EXERCISE OBJECTIVE: Leave out the pictures and retype exactly the lines from the line with "Varianten van olijven." through the end of the listing below.

DATA EXTRACT:
# # #
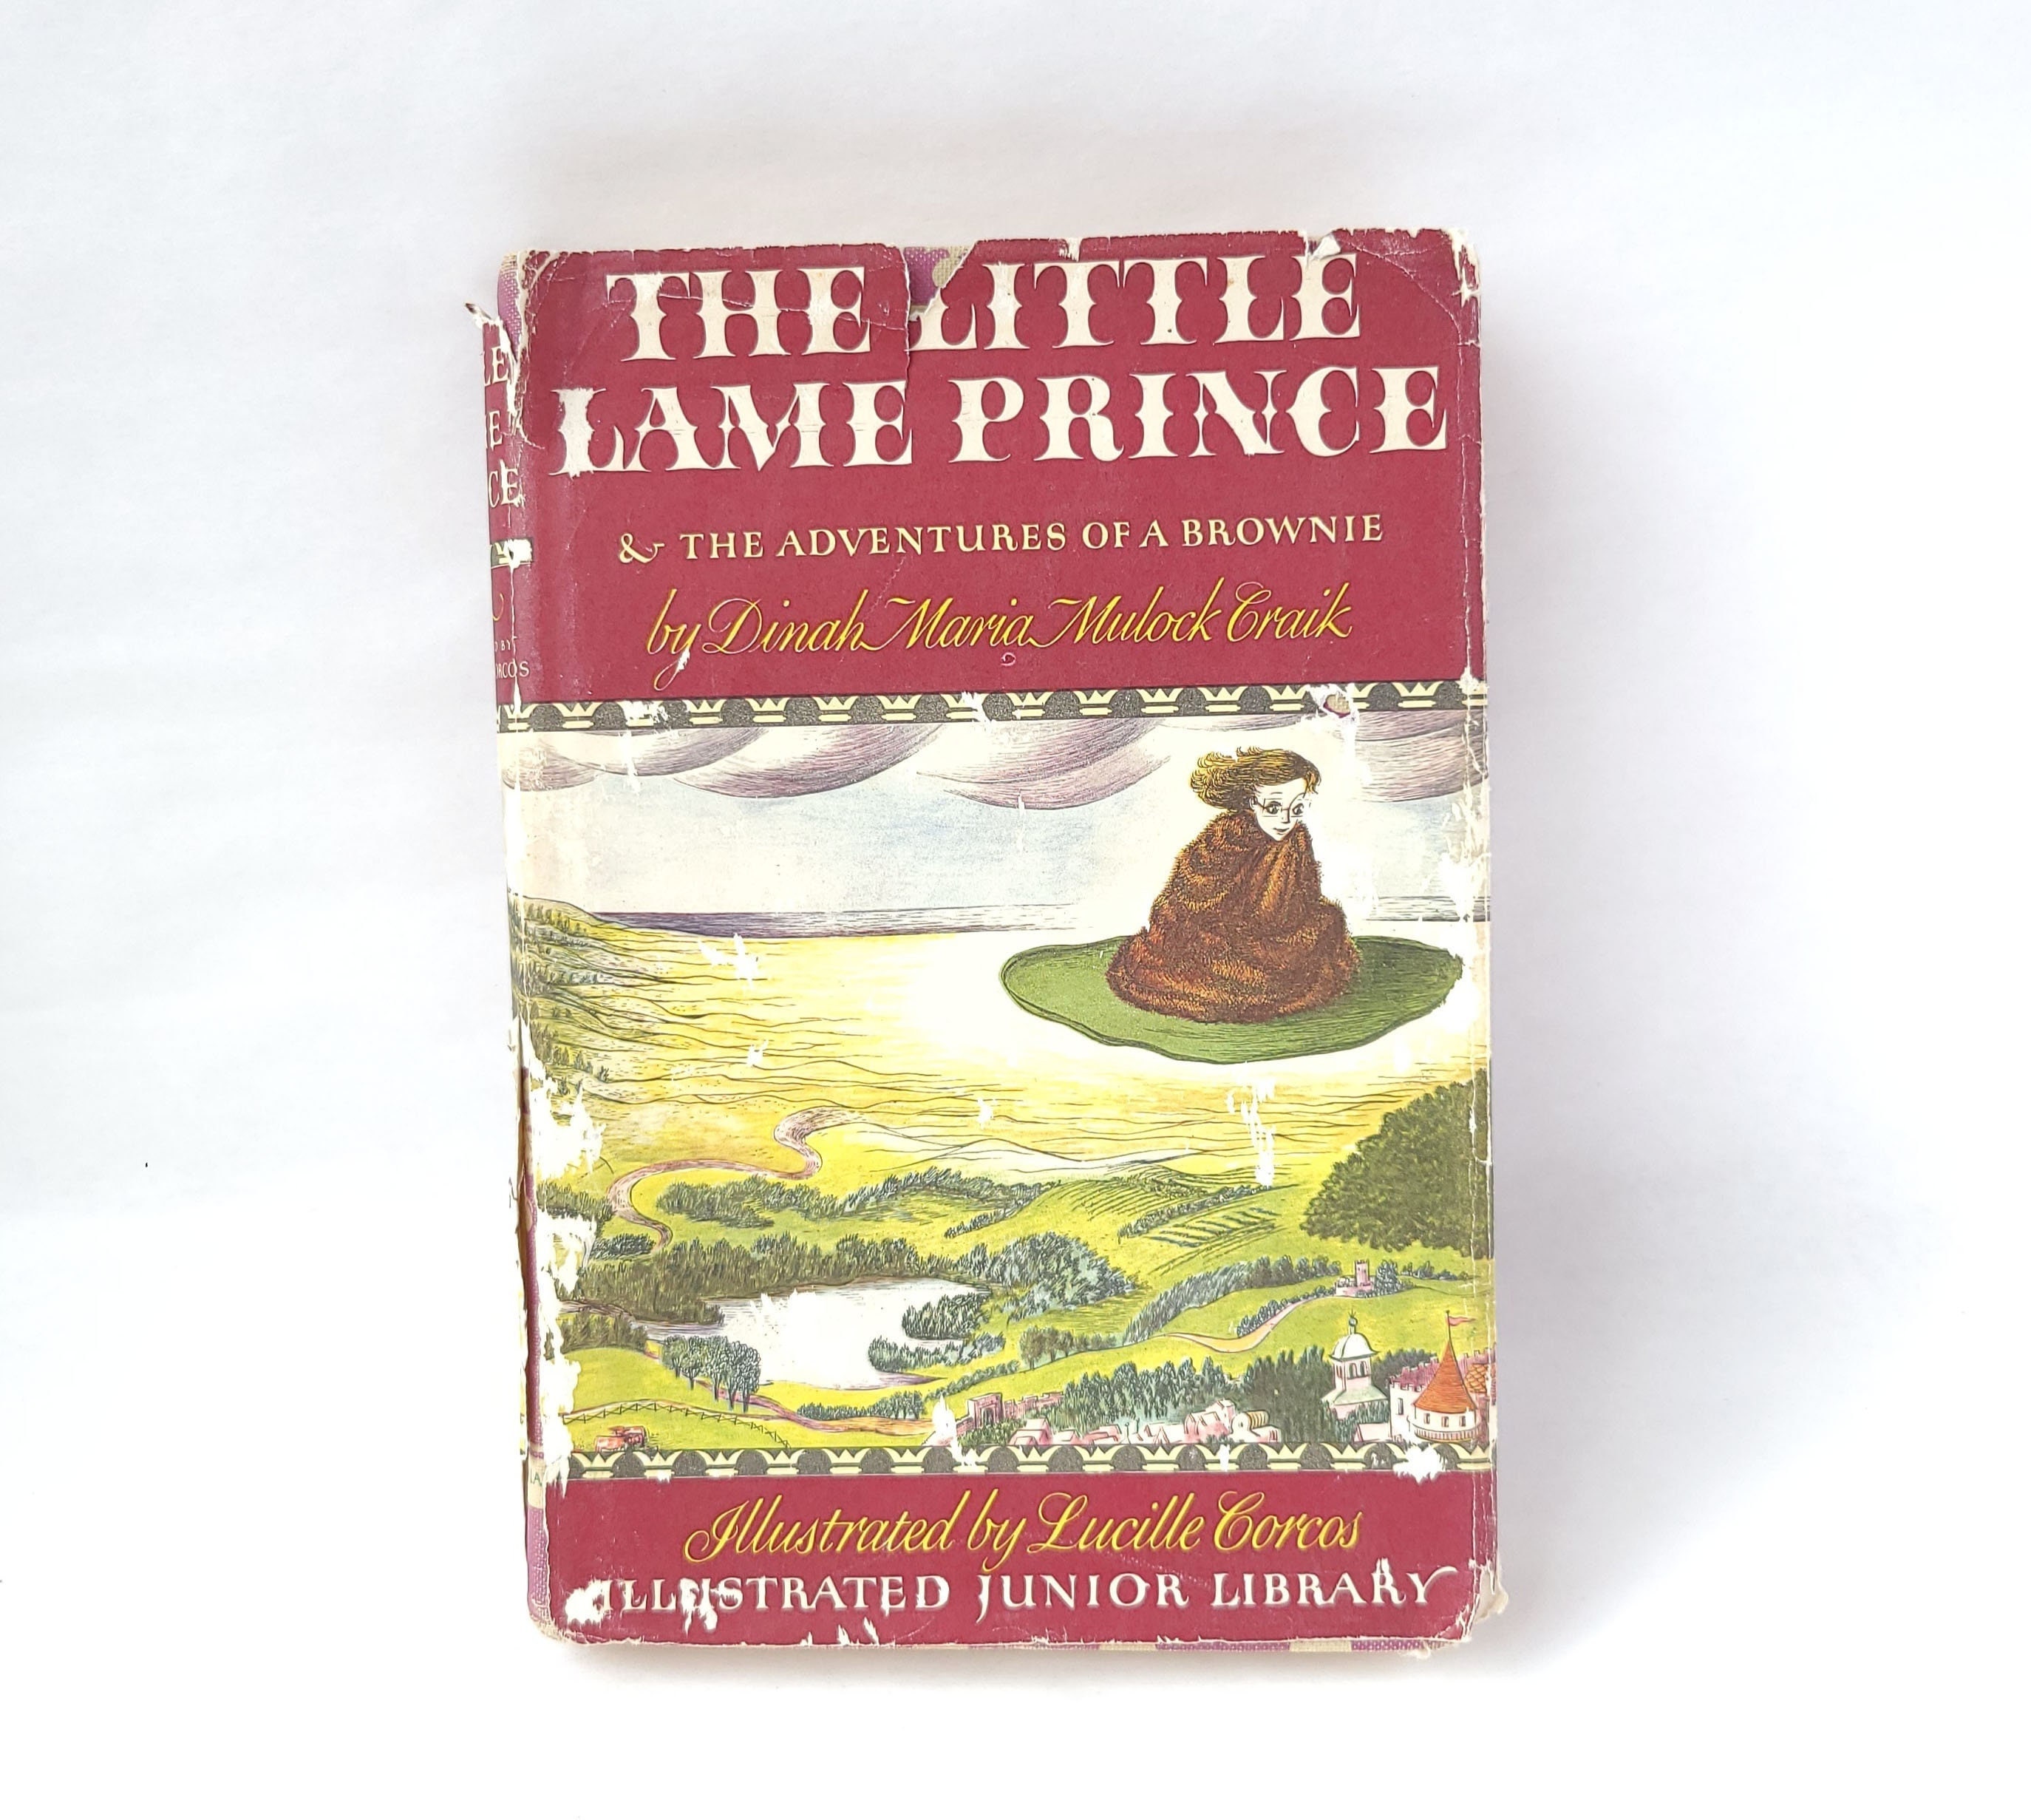 El Principito: Libro con Rimas para Niños [The Little Prince: Book
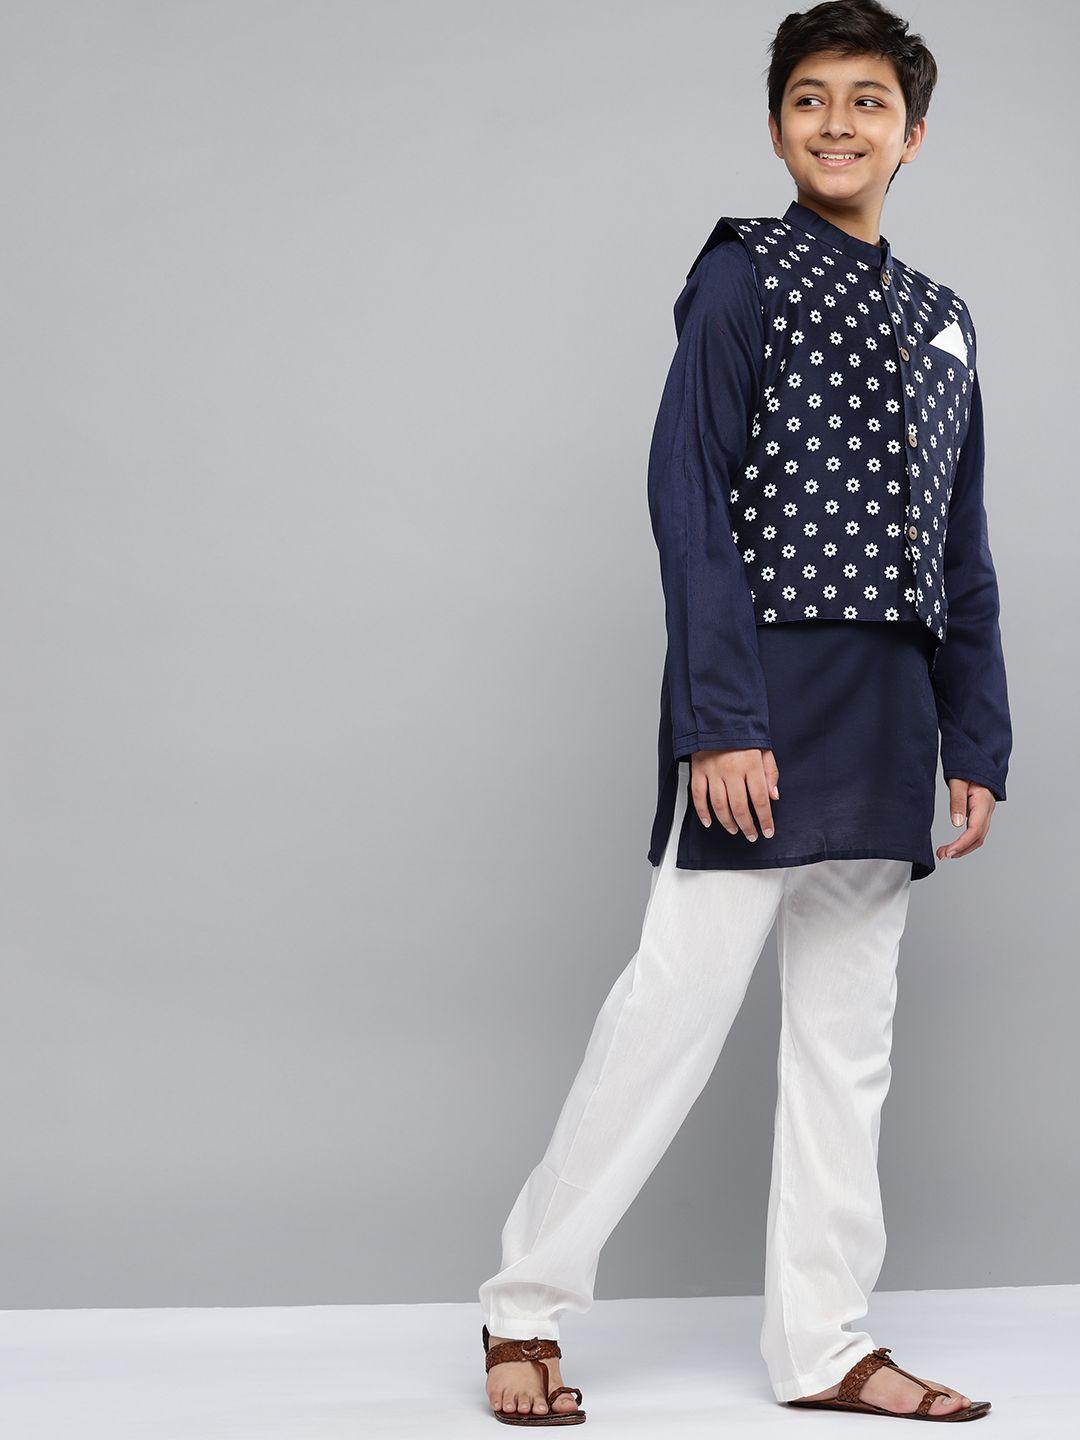 yk-boys-navy-blue-printed-kurta-with-white-pyjamas-&-nehru-jacket
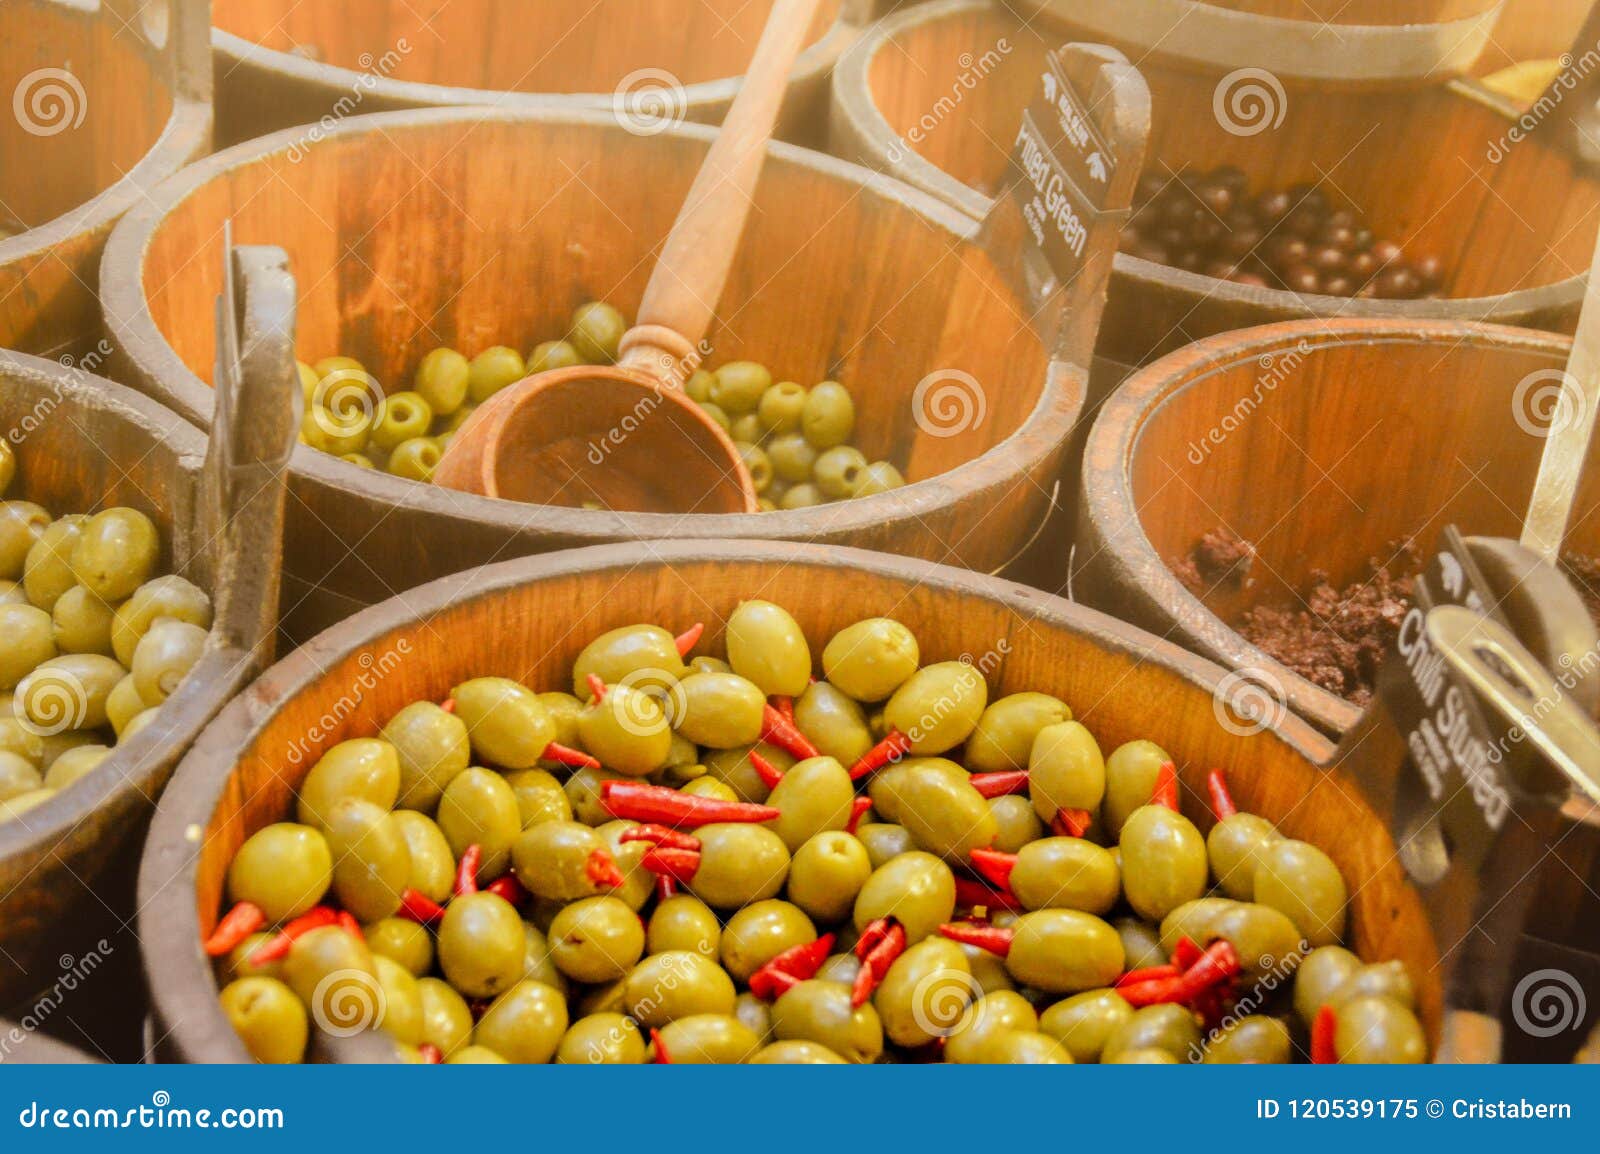 Varianten van olijven. Diverse ingelegde en gevulde olijven worden aangeboden voor verkoop in houten emmers
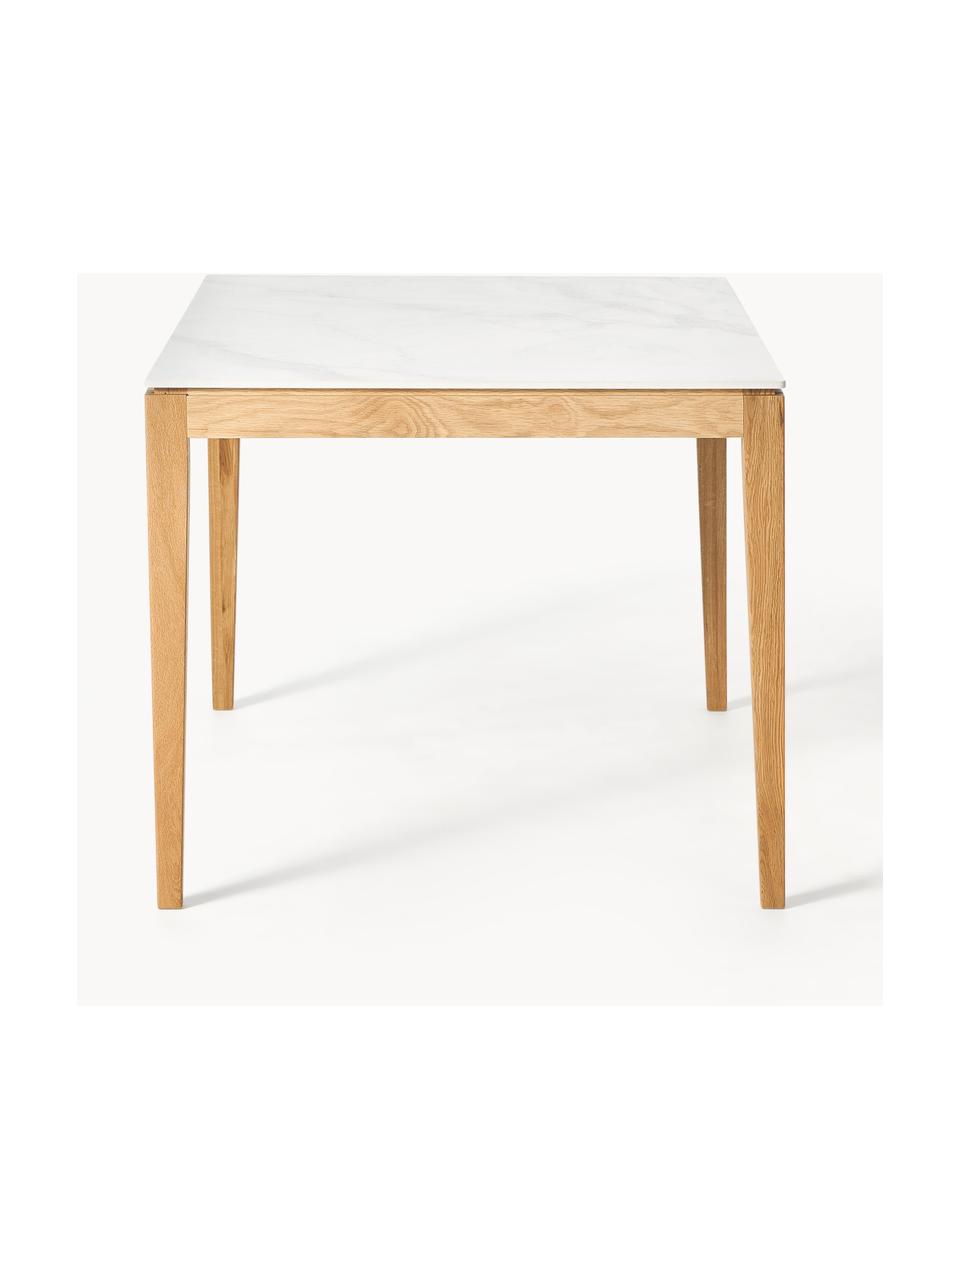 Jedálenský stôl s mramorovým vzhľadom Jackson, Mramorový vzhľad biela, dubové drevo lakované, Š 180 x H 90 cm
# # #
ANSWER FOR THIS EXERCISE:
 Varianten van olijven. Diverse ingelegde en gevulde olijven worden aangeboden voor verkoop in houten emmers
 Jedálenský stôl s mramorovým vzhľadom Jackson, Mramorový vzhľad biela, dubové drevo lakované, Š 180 x H 90 cm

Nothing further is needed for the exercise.